Тут опять обнаружился парадокс. Письма-то потекли потоком не оттого, что эмиграция, допустим, вышла на какой-то новый виток, а оттого, что группе уехавших в 70-е годы разрешили вернуться обратно. По какому праву?! – возмутились высокоидейные граждане. В некоторых особо непримиримых посланиях явственно проступили антисемитские нотки. Хотя в подавляющем большинстве случаев националистических ноток не было, слог был возвышенным, авторов объединяло благородное негодование. Как?! В трудные годы покинули Родину, а теперь, учуяв перемены, запросились обратно? Отсиделись за тридевять земель, а теперь на готовенькое? Не пущать!..

Ладно, что до «готовенького» куда как далеко. Ладно, что «сидение» за морями обернулось для самих «отсидевшихся» отнюдь не медом и сахаром. На такие «мелочи» разгневанные авторы дружно не обращали внимания.

И уж, ясное дело, было им невдомек, что своими филиппиками они живейшим образом напомнили мне поучения, какие доводилось многократно выслушивать от «соотечественников» на другой стороне. От тех самых, кого все-таки подпускали, а то и навязывали в «друзья» и «наставники». Те ведь тоже твердили с полным единодушием: «Вернуться и помышлять не моги – не пустят. А если пустят, то посадят. Помнишь Ильфа и Петрова? Заграница – это миф о загробной жизни. Кто сюда попал, тот не возвращается».

Поразительно упорство, с каким консервативное мышление ограждает себя удобненькими, гладенькими кирпичиками стереотипов! Это, в сущности, не зависит от социальной системы, закономерность общая. Вся и разница в окраске кирпичиков: где на одной стороне, на одной проторенной дорожке кирпичик черный, на другой, симметрично, белый, и наоборот.

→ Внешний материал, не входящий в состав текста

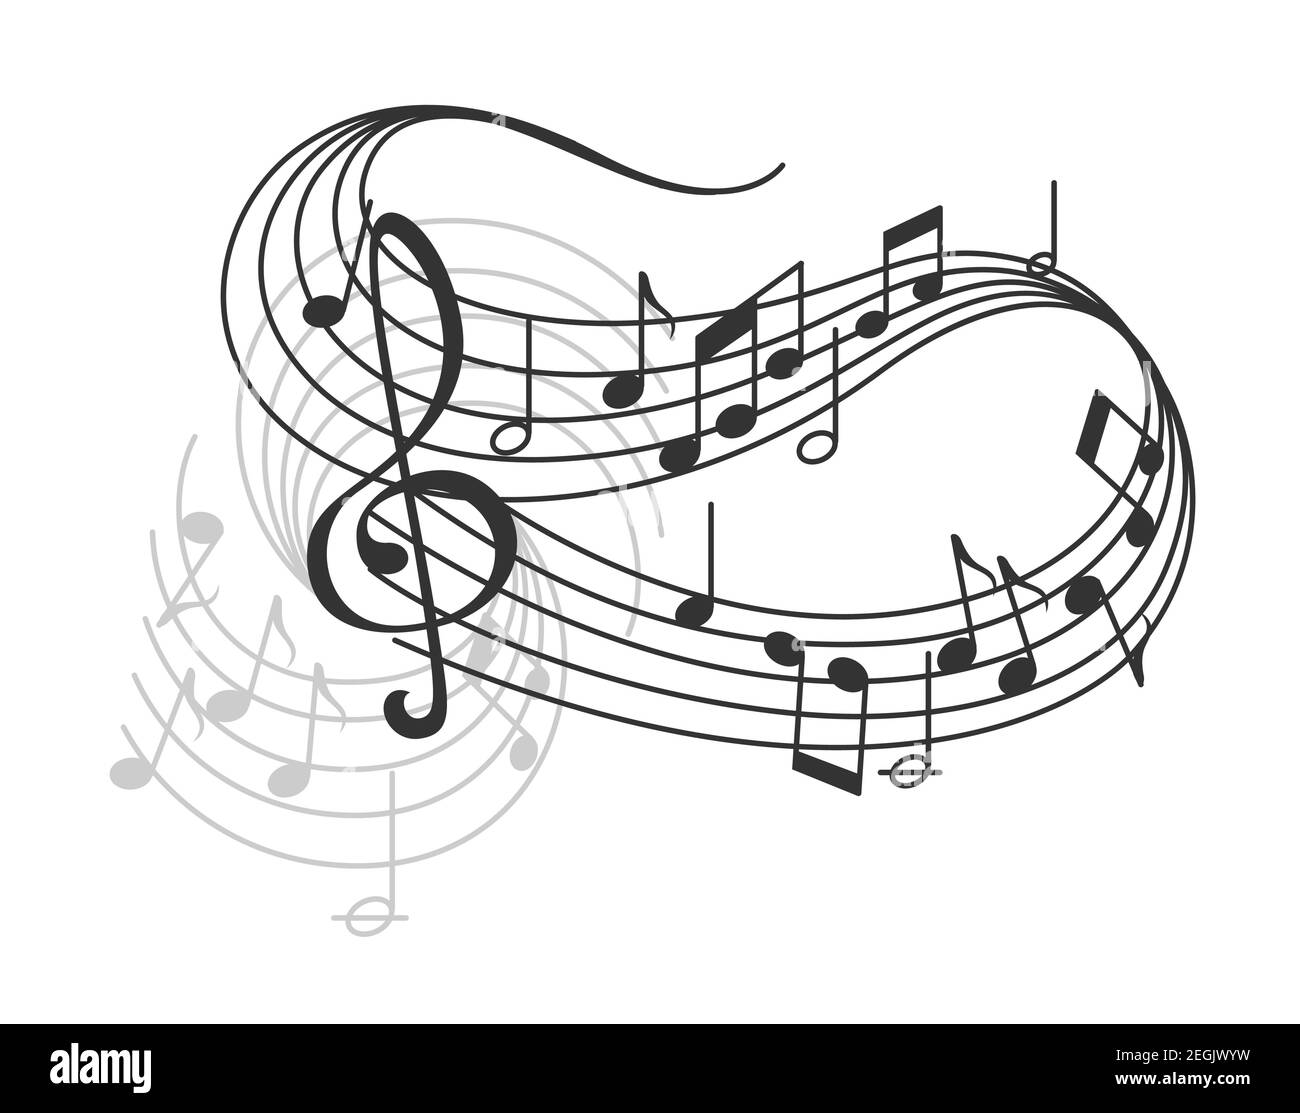 Musikplakat des Musikpersonals oder Notenstaten und Schlüssel. Vektor-Design von musikalischen Noten auf Mitarbeiter für Jazz-Nacht oder klassische Oper Konzert und Ork Stock Vektor
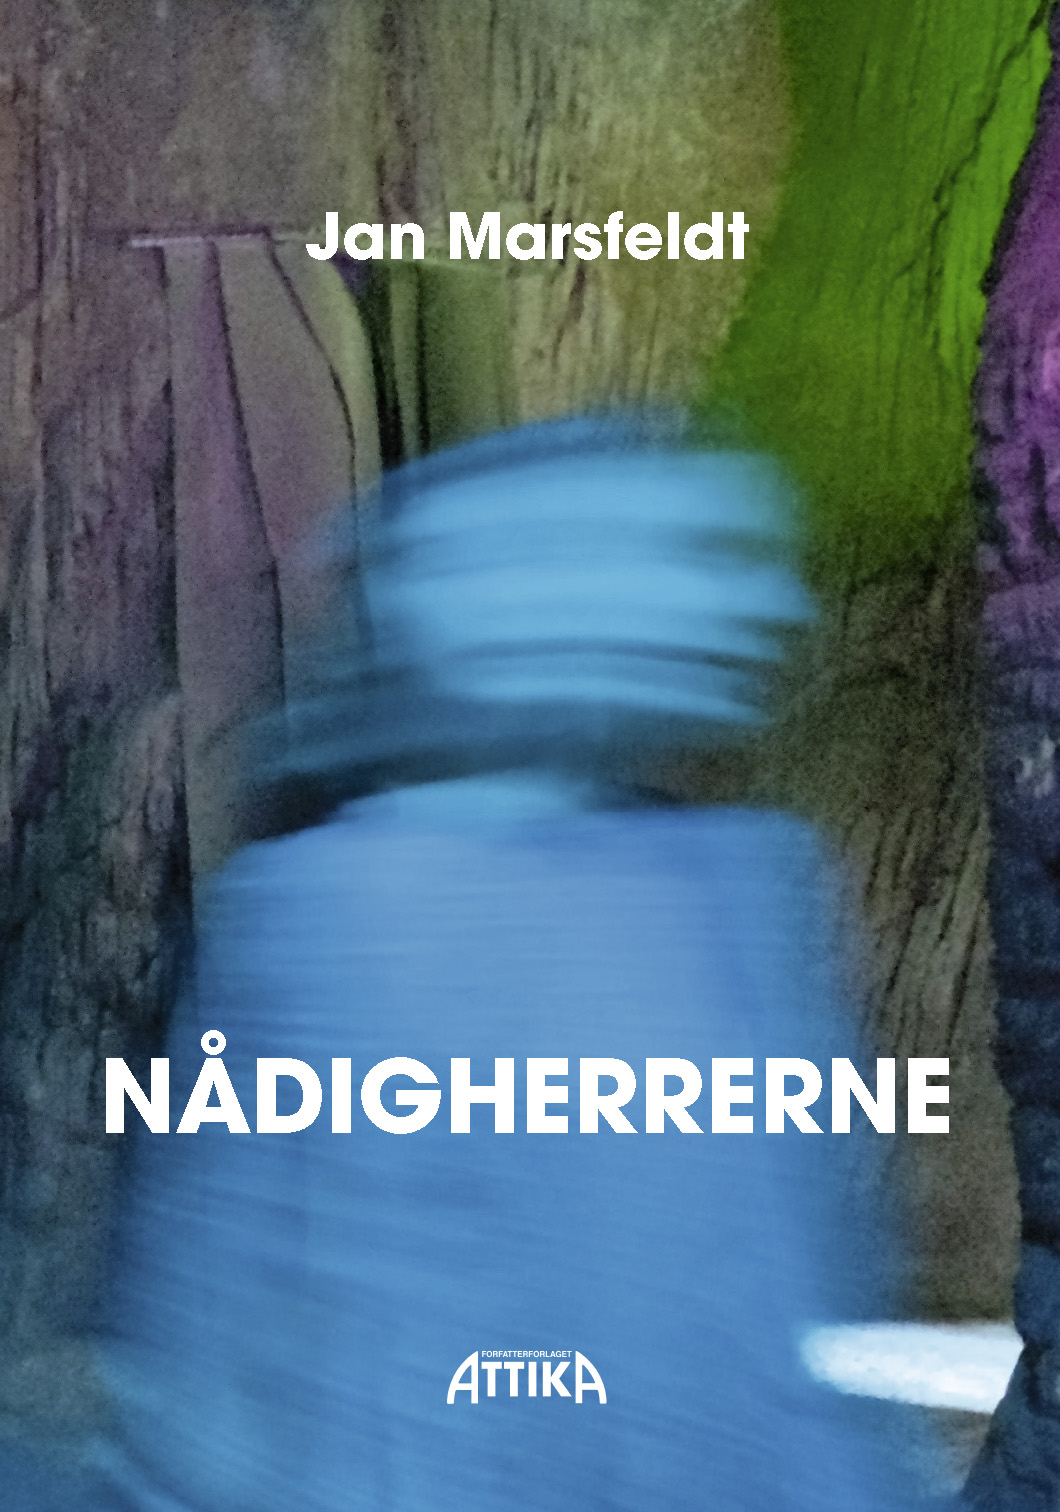 Jan Marsfeldt: Nådigherrerne

Но сперва о цитате из Ильфа и Петрова. В эмигрантской среде она популярна необыкновенно и почти подлинна. «Золотой теленок», глава 32-я. Последнее свидание великого комбинатора с бывшим бортмехаником Балагановым на Рязанском вокзале.

«– А как Рио-де-Жанейро? – возбужденно спросил Балаганов. – Поедем?

– Ну его к черту! – с неожиданной злостью сказал Остап. – Все это выдумки, нет никакого Рио-де-Жанейро, и Америки нет, и Европы нет, ничего нет. И вообще последний город – это Шепетовка, о которую разбиваются волны Атлантического океана.

– Ну и дела! – вздохнул Балаганов.

– Мне один доктор все объяснил, – продолжал Остап. – Заграница – это миф о загробной жизни. Кто туда попадет, тот не возвращается…»

А краски-то в подлиннике иные! Гораздо живее и богаче. Укатали цитату на эмигрантских дорожках, отсекли от нее весь диалог, кроме самого его финала. И уж тем более запамятовали, что вслед за свиданием в вокзальном буфете Балаганова сдадут в милицию за кражу грошовой сумочки, а Остап примется отчаянно допытываться у заезжего философа, в чем же смысл жизни…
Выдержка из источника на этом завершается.